After Being Released from Villa Marista, Activist Yasmany Gonzlaez Laments the Cowardice of Cubans

Yasmany González Valdés was arrested last Thursday as part of the police operations around the date of May 1. (Facebook)

14ymedio bigger14ymedio, Havana 2 May 2022 — The activist Yasmany González Valdés announced this Monday that he will stop posting on social networks after being released this Sunday after four days in Villa Marista, the State Security headquarters in Havana. The young man was arrested last Thursday as part of the police operations around May 1st, Cuba’s Labor Day.

“I’m already at home with my family (…) I’m going to quit, caballero, because nobody knows what a family member goes through when you’re in there,” González wrote on his Facebook account a few hours after his release. The activist lamented the lack of solidarity of the Cuban population with the dissidents.

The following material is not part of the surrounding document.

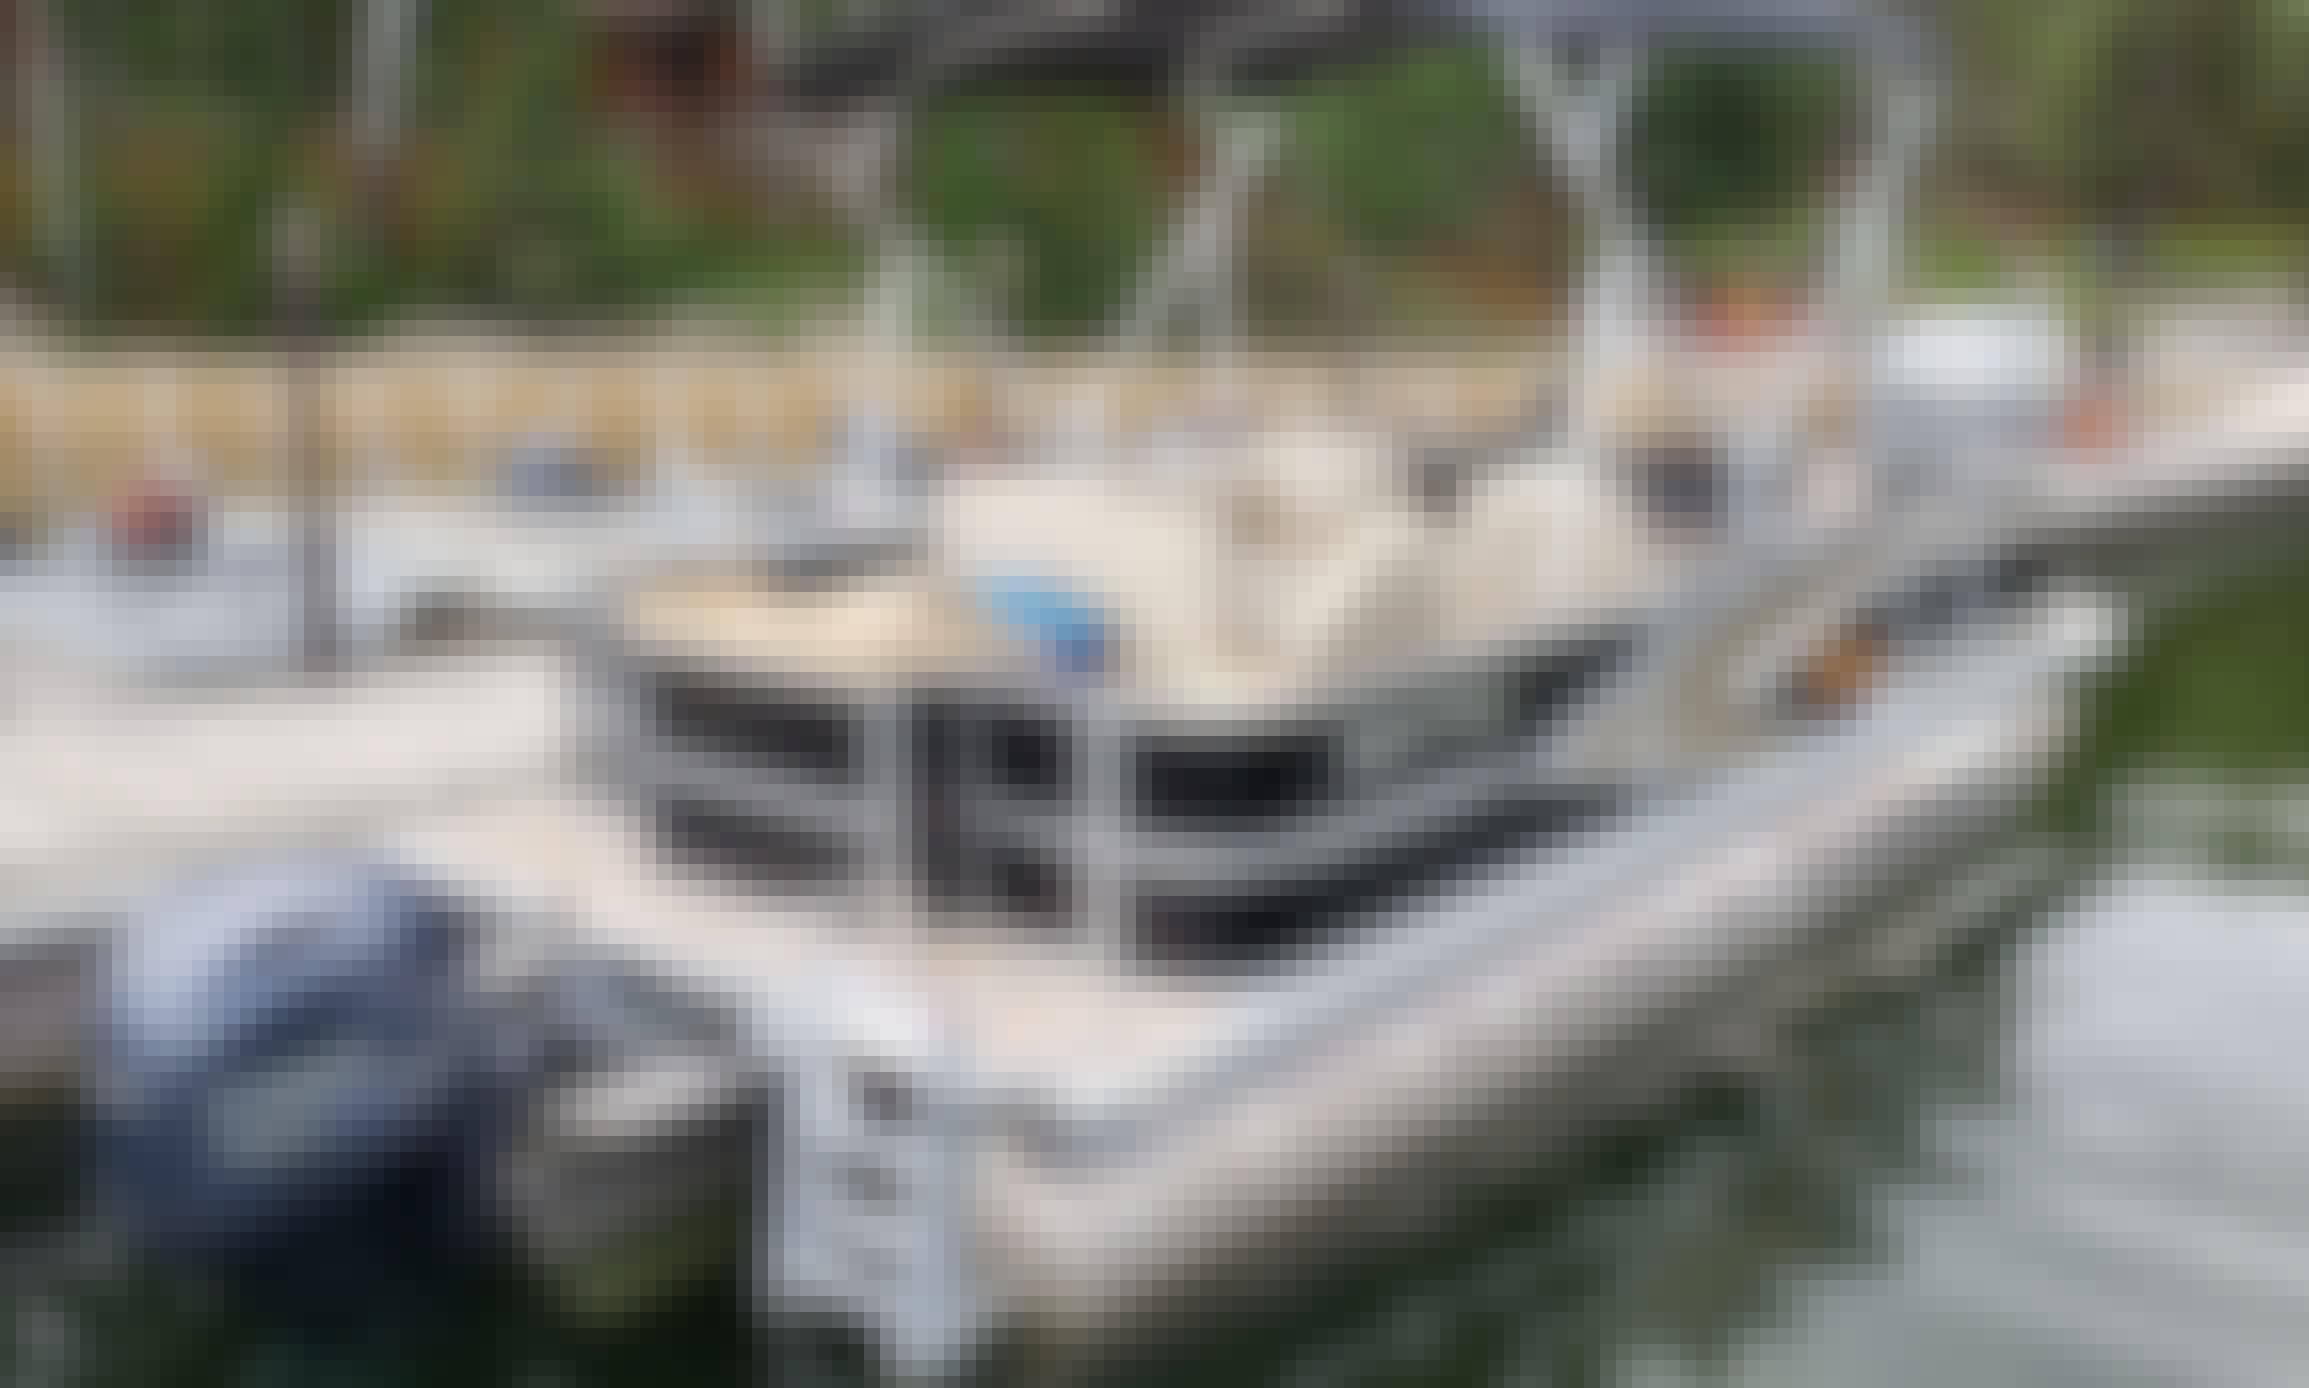 23' Lund Pontoon Rental on Lake of the Woods, Ontario, Canada
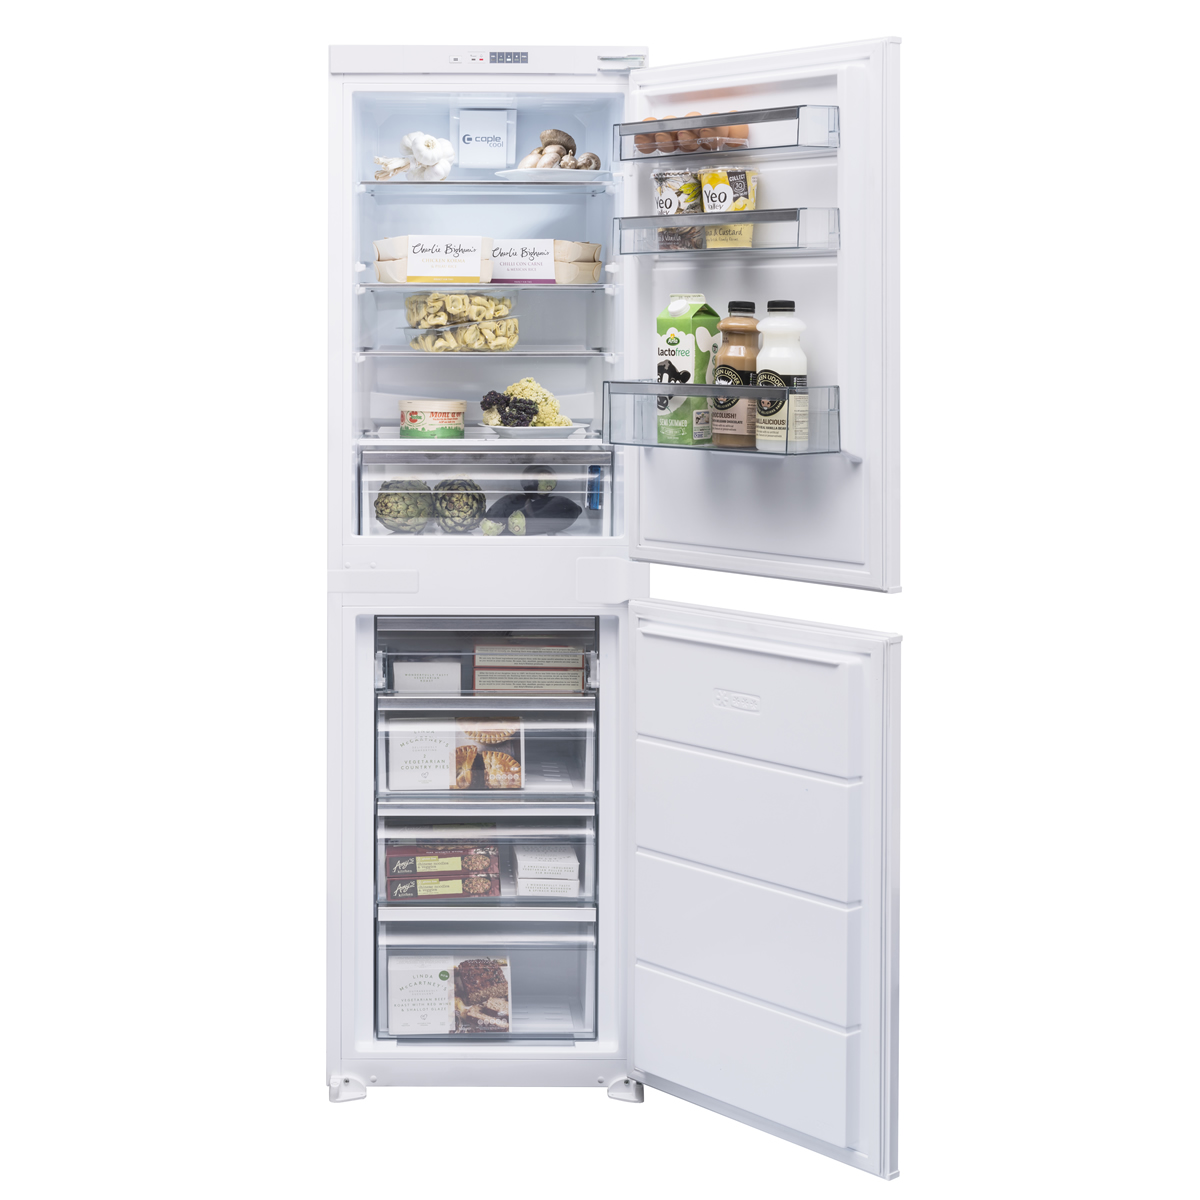 R5505 234litre Integrated Fridge Freezer Frost Free Class A++

The young man, who works as a self-employed bricklayer, gave as an example the well-known activist Carlos Ernesto Díaz González (known on social networks as Ktivo Disidente), who on April 28 climbed a wall on San Rafael Boulevard in La Havana and asked for freedom for Cubans, but received no support from the people.

“There’s nothing clearer than the video of Ktivo asking for freedom all by himself and people telling him: ’Shut up!’ This goes for the opponents and for the whole world, Ktivo is in prison for lack of support, so draw your own conclusions.”

Last Saturday, González’s wife was able to send him some personal hygiene products in Villa Marista, as confirmed to 14ymedio. The guards did not specify, at that time, if the activist was going to be prosecuted for any crime and limited themselves to announcing to his wife that he could visit the detainee next Wednesday if he was still under arrest by then.

This is not the first run-in that González has had with the political police. On April 12, he was fined with the application of Decree Law 370 for his publications on social networks in which he frequently denounces the violations of human rights on the Island and demands the release of those sentenced for the protests of July 11th.

According to the Inventory Project, on that occasion González was summoned to the National Revolutionary Police, “they took him to a cell and after a while, they took him to a room before a State Security officer and two inspectors from the Ministry of Communications of Cuba,” where they applied a fine of 3,000 pesos.

“Several of my publications were printed. They told me that my posts and videos incited violence and that if I did another one they would prosecute me,” Yasmany González told Proyecto Inventario. This mason’s fine is number 56 imposed by Decree 370, according to the records published by the Inventory Project.